- [Records supplied]:
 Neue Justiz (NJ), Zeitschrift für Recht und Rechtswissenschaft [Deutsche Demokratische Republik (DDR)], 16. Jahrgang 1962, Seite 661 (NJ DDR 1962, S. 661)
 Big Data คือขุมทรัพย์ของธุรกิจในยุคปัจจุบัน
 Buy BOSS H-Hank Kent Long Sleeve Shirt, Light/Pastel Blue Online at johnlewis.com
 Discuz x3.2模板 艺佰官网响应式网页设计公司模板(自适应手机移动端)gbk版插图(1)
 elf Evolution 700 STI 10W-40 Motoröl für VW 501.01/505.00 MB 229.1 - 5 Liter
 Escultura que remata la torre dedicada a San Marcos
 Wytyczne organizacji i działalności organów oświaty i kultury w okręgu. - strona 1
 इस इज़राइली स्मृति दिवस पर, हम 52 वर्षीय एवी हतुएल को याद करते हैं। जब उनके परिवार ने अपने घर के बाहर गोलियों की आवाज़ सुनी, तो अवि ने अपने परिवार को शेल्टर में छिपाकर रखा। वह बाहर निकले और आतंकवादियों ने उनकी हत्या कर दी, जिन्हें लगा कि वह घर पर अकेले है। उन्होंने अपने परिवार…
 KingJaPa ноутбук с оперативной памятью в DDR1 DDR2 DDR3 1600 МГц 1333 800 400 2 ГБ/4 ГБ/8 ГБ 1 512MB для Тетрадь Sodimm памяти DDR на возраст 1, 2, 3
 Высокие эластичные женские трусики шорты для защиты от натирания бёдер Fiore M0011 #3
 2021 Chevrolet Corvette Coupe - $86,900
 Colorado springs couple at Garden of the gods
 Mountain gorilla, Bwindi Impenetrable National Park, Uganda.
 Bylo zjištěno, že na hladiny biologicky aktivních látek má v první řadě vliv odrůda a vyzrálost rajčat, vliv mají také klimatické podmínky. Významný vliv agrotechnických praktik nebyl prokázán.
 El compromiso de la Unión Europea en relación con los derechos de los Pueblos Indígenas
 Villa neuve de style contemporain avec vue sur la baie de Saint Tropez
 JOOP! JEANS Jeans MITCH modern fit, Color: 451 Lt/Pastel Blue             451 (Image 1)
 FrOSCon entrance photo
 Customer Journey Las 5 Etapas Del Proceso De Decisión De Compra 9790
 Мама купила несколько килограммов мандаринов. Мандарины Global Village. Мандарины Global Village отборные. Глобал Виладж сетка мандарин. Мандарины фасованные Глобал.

- [Requirement]: Set down each line of the data precisely as it appears above.

- [Finished task]:
 Neue Justiz (NJ), Zeitschrift für Recht und Rechtswissenschaft [Deutsche Demokratische Republik (DDR)], 16. Jahrgang 1962, Seite 661 (NJ DDR 1962, S. 661)
 Big Data คือขุมทรัพย์ของธุรกิจในยุคปัจจุบัน
 Buy BOSS H-Hank Kent Long Sleeve Shirt, Light/Pastel Blue Online at johnlewis.com
 Discuz x3.2模板 艺佰官网响应式网页设计公司模板(自适应手机移动端)gbk版插图(1)
 elf Evolution 700 STI 10W-40 Motoröl für VW 501.01/505.00 MB 229.1 - 5 Liter
 Escultura que remata la torre dedicada a San Marcos
 Wytyczne organizacji i działalności organów oświaty i kultury w okręgu. - strona 1
 इस इज़राइली स्मृति दिवस पर, हम 52 वर्षीय एवी हतुएल को याद करते हैं। जब उनके परिवार ने अपने घर के बाहर गोलियों की आवाज़ सुनी, तो अवि ने अपने परिवार को शेल्टर में छिपाकर रखा। वह बाहर निकले और आतंकवादियों ने उनकी हत्या कर दी, जिन्हें लगा कि वह घर पर अकेले है। उन्होंने अपने परिवार…
 KingJaPa ноутбук с оперативной памятью в DDR1 DDR2 DDR3 1600 МГц 1333 800 400 2 ГБ/4 ГБ/8 ГБ 1 512MB для Тетрадь Sodimm памяти DDR на возраст 1, 2, 3
 Высокие эластичные женские трусики шорты для защиты от натирания бёдер Fiore M0011 #3
 2021 Chevrolet Corvette Coupe - $86,900
 Colorado springs couple at Garden of the gods
 Mountain gorilla, Bwindi Impenetrable National Park, Uganda.
 Bylo zjištěno, že na hladiny biologicky aktivních látek má v první řadě vliv odrůda a vyzrálost rajčat, vliv mají také klimatické podmínky. Významný vliv agrotechnických praktik nebyl prokázán.
 El compromiso de la Unión Europea en relación con los derechos de los Pueblos Indígenas
 Villa neuve de style contemporain avec vue sur la baie de Saint Tropez
 JOOP! JEANS Jeans MITCH modern fit, Color: 451 Lt/Pastel Blue             451 (Image 1)
 FrOSCon entrance photo
 Customer Journey Las 5 Etapas Del Proceso De Decisión De Compra 9790
 Мама купила несколько килограммов мандаринов. Мандарины Global Village. Мандарины Global Village отборные. Глобал Виладж сетка мандарин. Мандарины фасованные Глобал.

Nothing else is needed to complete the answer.